Вот приятель девочки без глаз… Фу, ну что за кличку я ей дала, она звучит так же неприятно, как и выглядит снимок… А ведь если это видела не только я, подобное прозвище могло к ней и пристать-приклеиться…. Черт, что же я натворила…
Приятель Эмелькиной подруги с неудачного фото смотрит перед собой, настраиваясь на съёмку, «примеряя» лицо — я прекрасно знаю это состояние, когда пытаешься вызывать в себе нужное настроение и репетируешь, как будешь позировать… И часто делаю пробные снимки, чтобы понять, с какого ракурса лучше снимать, на чем акцентироваться. Но опять же — это черновой, рабочий материал, который никто, кроме фотографа, не видит и который я всегда удаляю.
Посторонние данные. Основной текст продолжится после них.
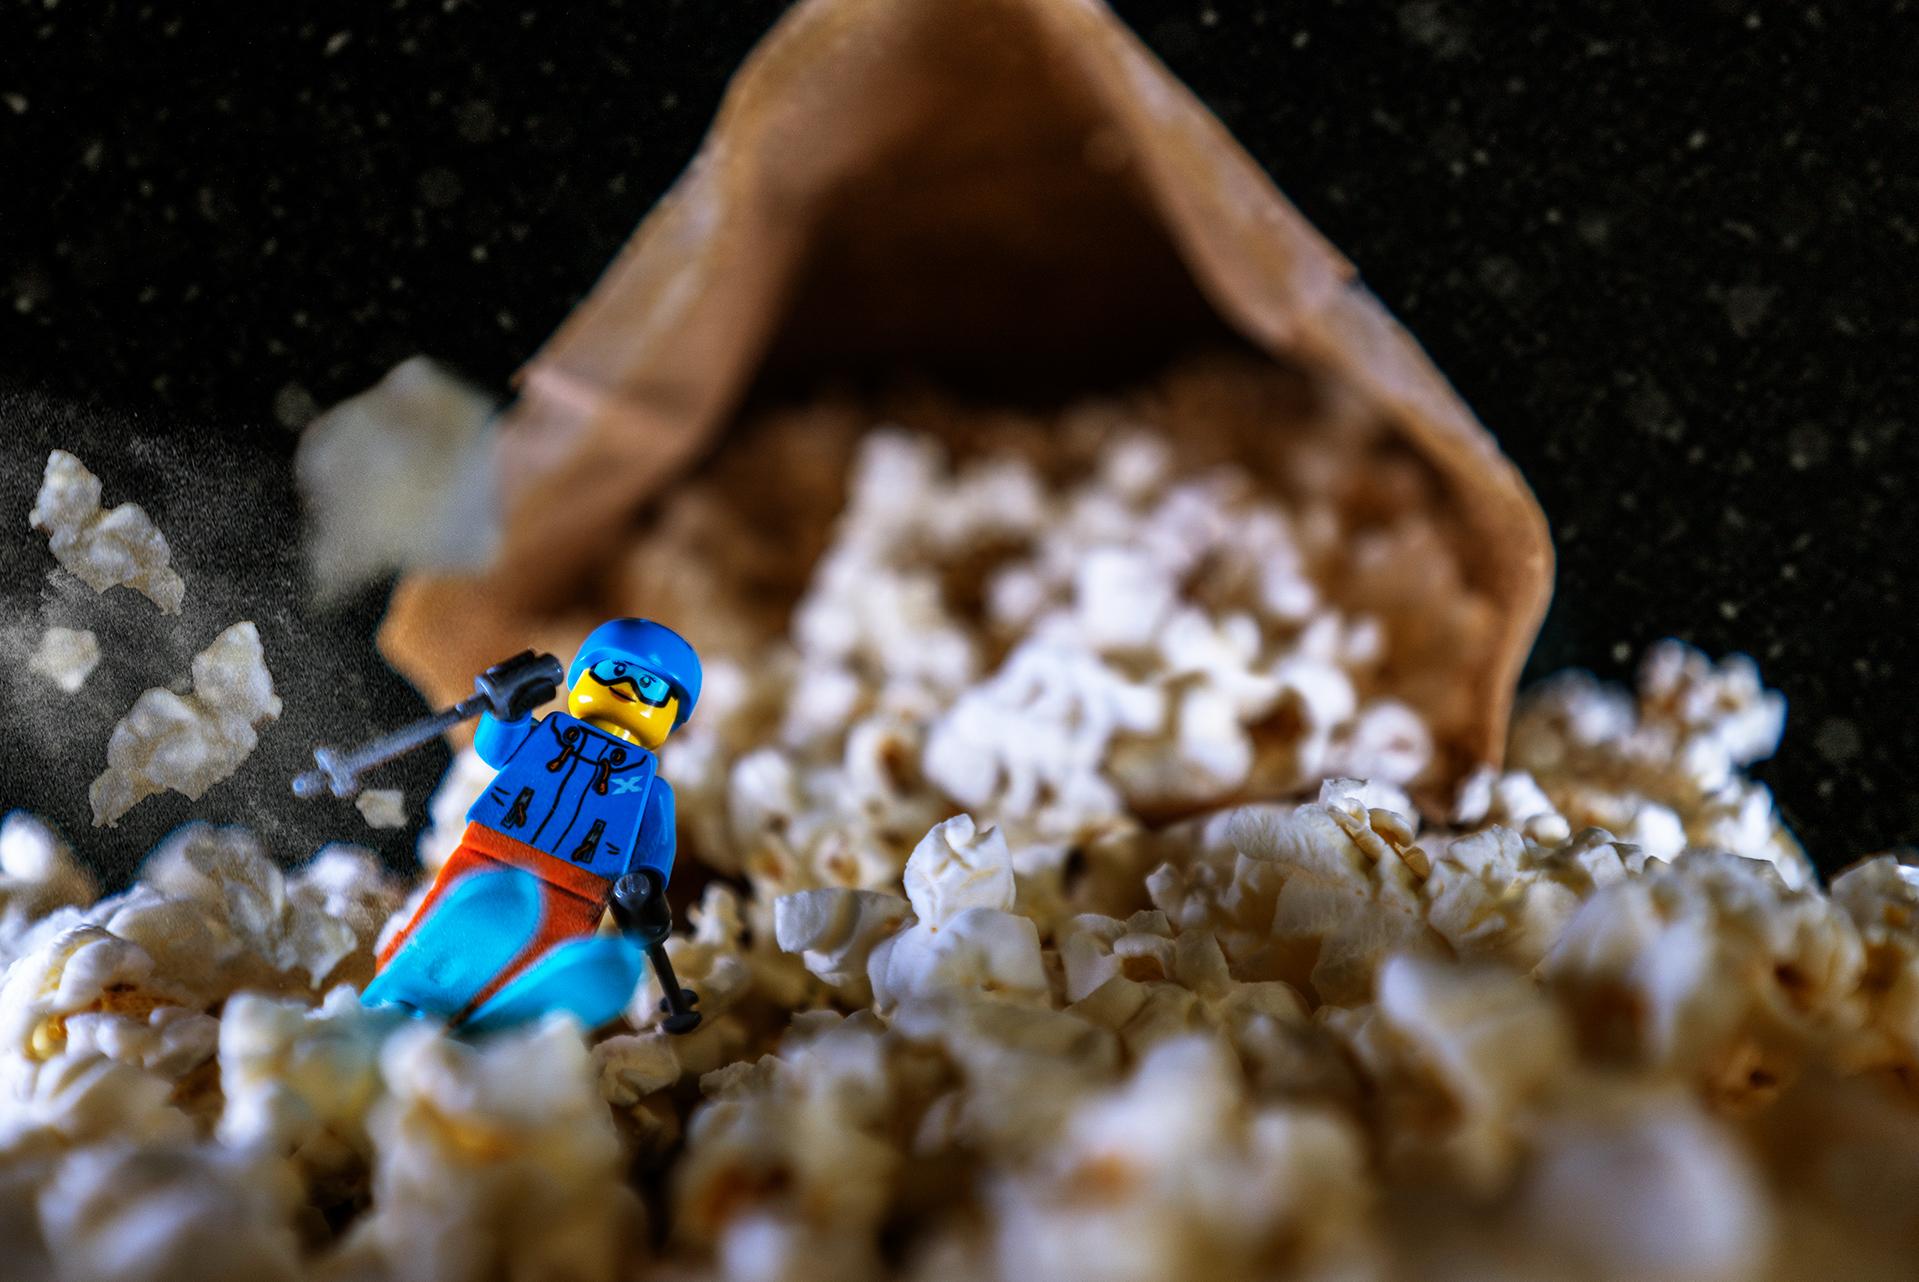 the popcorn skier

Мне жаль, чтобы такая шелуха занимала место на моей и так немаленькой карте памяти. Это просто сырье, там нет ни авторского взгляда, ни раскрытия личности.
Так почему же для этой чертовой статьи отобрали только такие, сырые и стрёмные снимки? Мальчик с неестественно застывшей манерностью — а он всего лишь пытался поиграть, раскрепоститься, найти своё настроение для сьемки! Его друг, комкающий тот самый листок с надписью #янеубиваюсловом с таким нездорово ироничным видом, как будто плевать он хотел на эту надпись и ему как раз очень нравится убивать, и не только словом — а это просто нервная улыбка, вызванная тем, что его снимают при огромной толпе народа.
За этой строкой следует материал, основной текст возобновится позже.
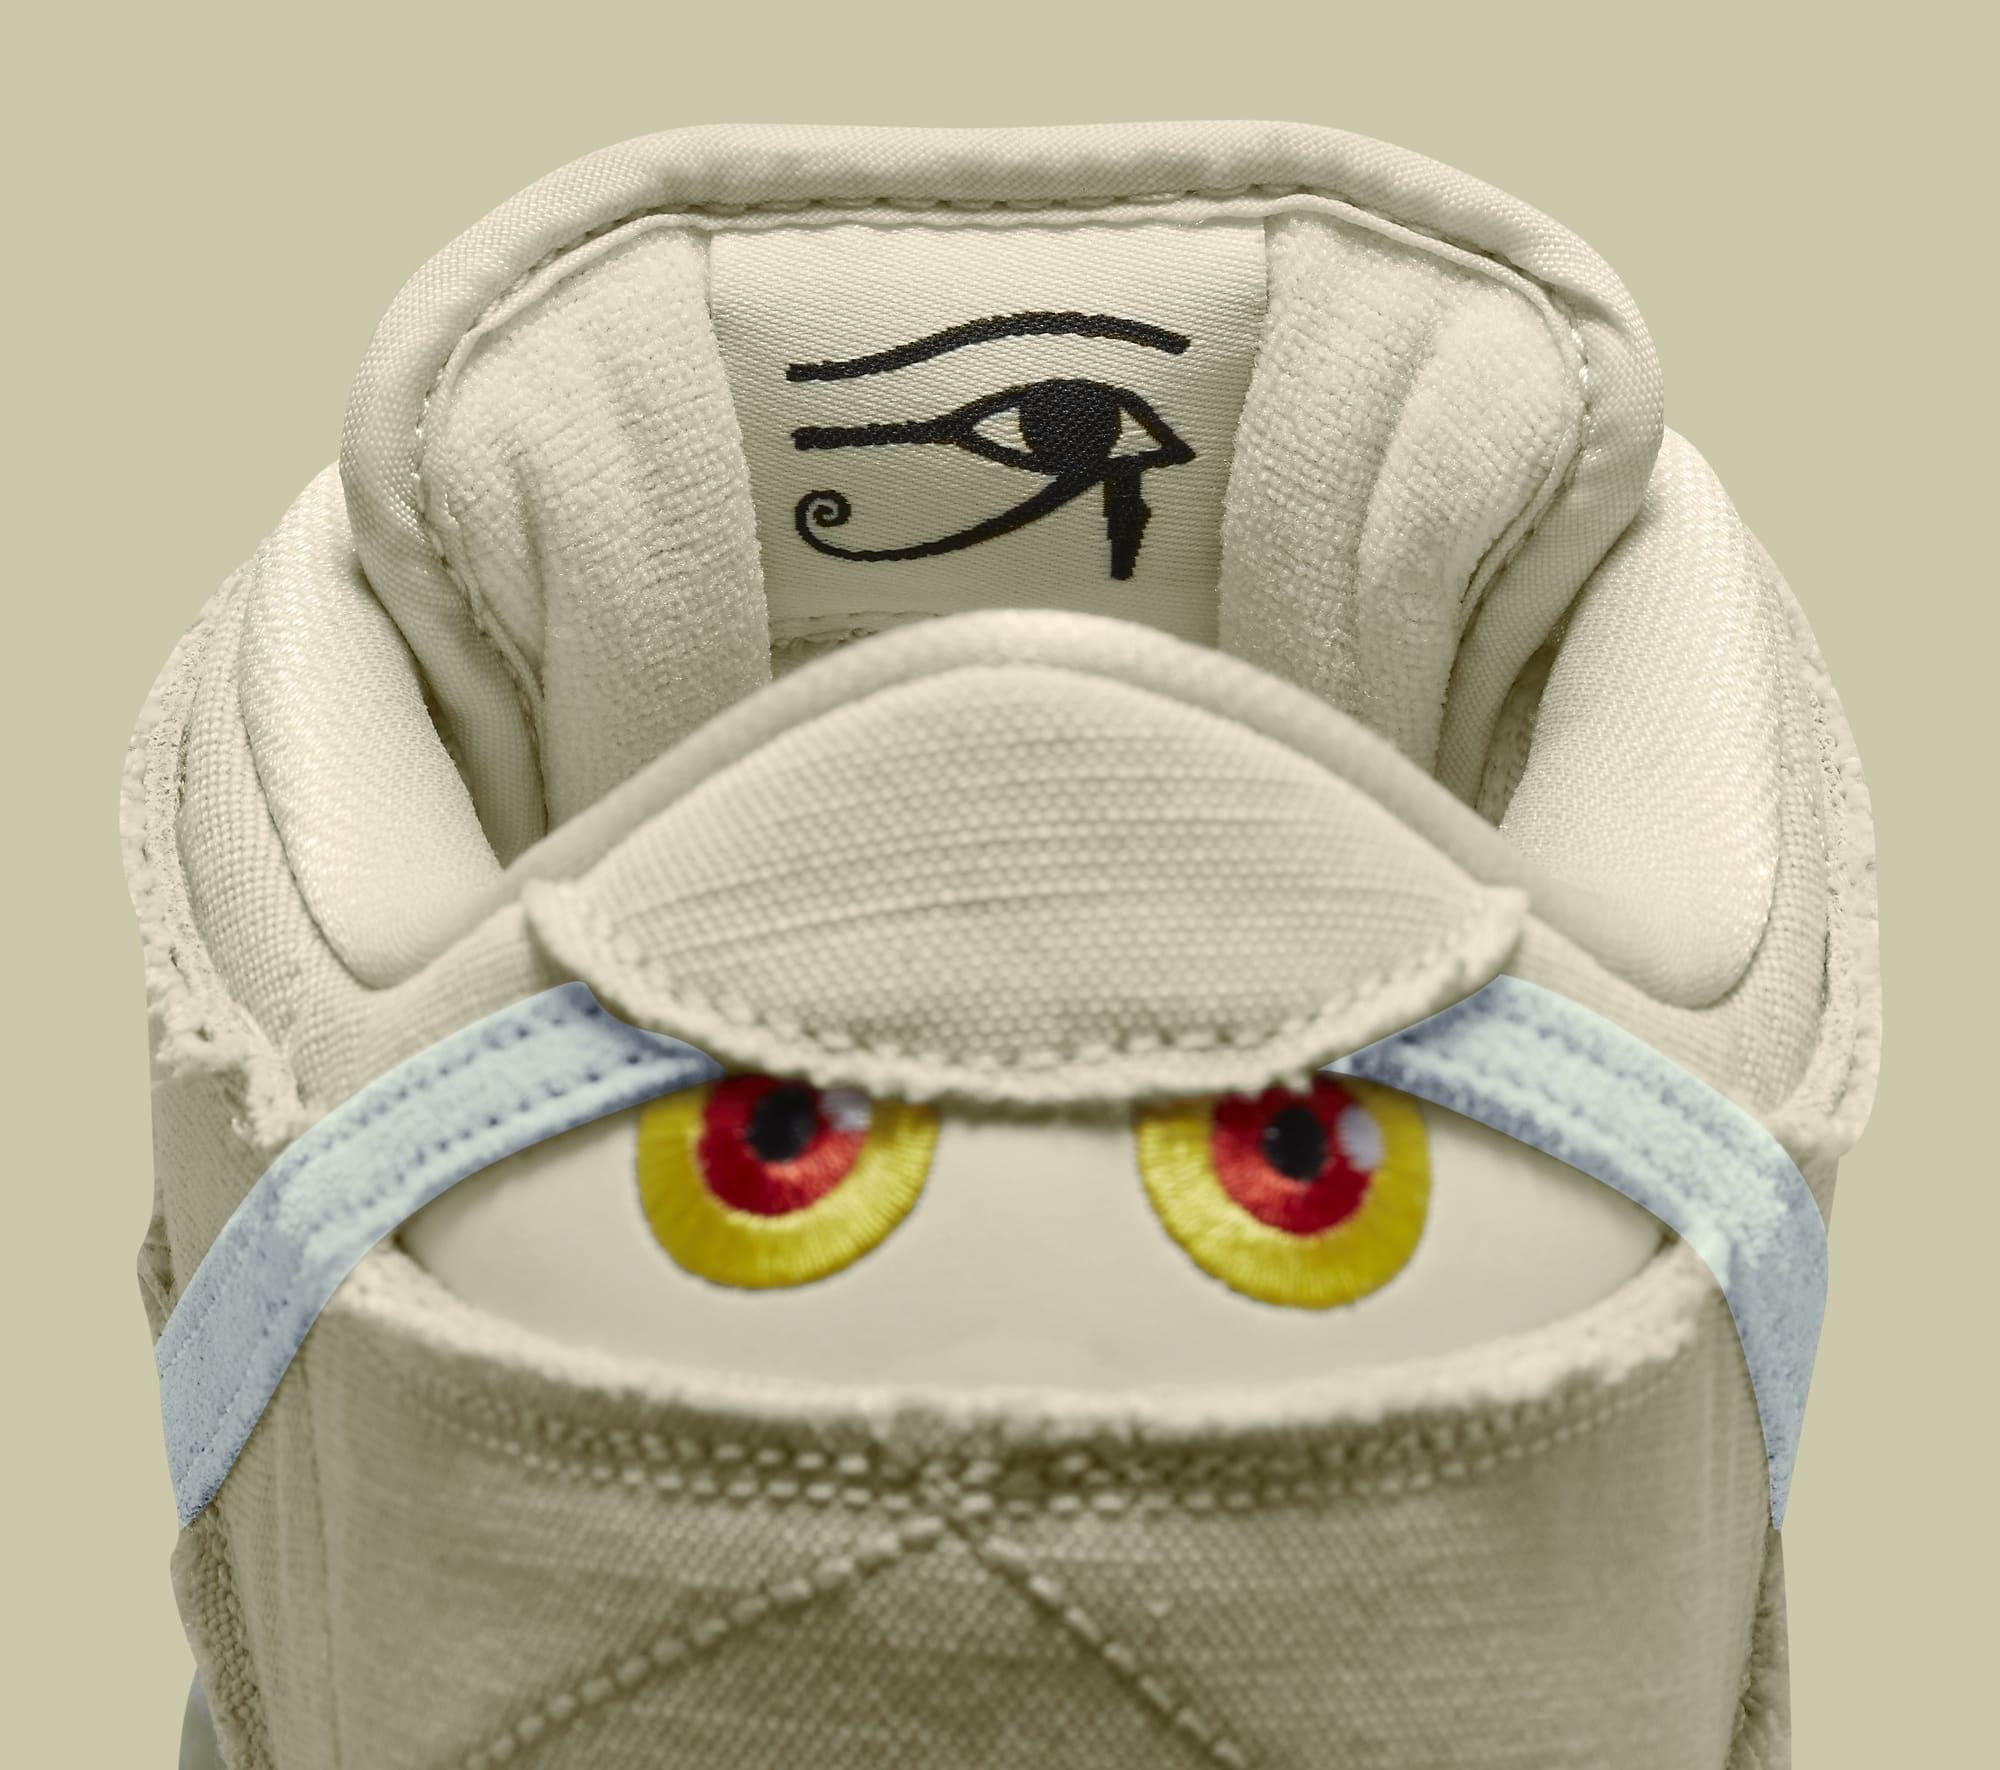 Nike SB Dunk Low 'Mummy' DM0774-111 Tongue

И все, все снимки — а их около пятнадцати — точно такие же, и мне становится просто… противно. Вопреки логике, вопреки законам здравого смысла, вопреки тому, что я знаю — не эти фото были моей целью. Но, идущие одна за другой, они представляют результаты моей работы как намеренное издевательство, высмеивание детей, как насмешка и жесткий троллинг.
Ох, а я же ещё говорила со сцены — не бойтесь быть некрасивыми, я не делаю сладкие ванильные фоточки. Мне интересно ваше истинное лицо. И вот как, оказывается я его представляю!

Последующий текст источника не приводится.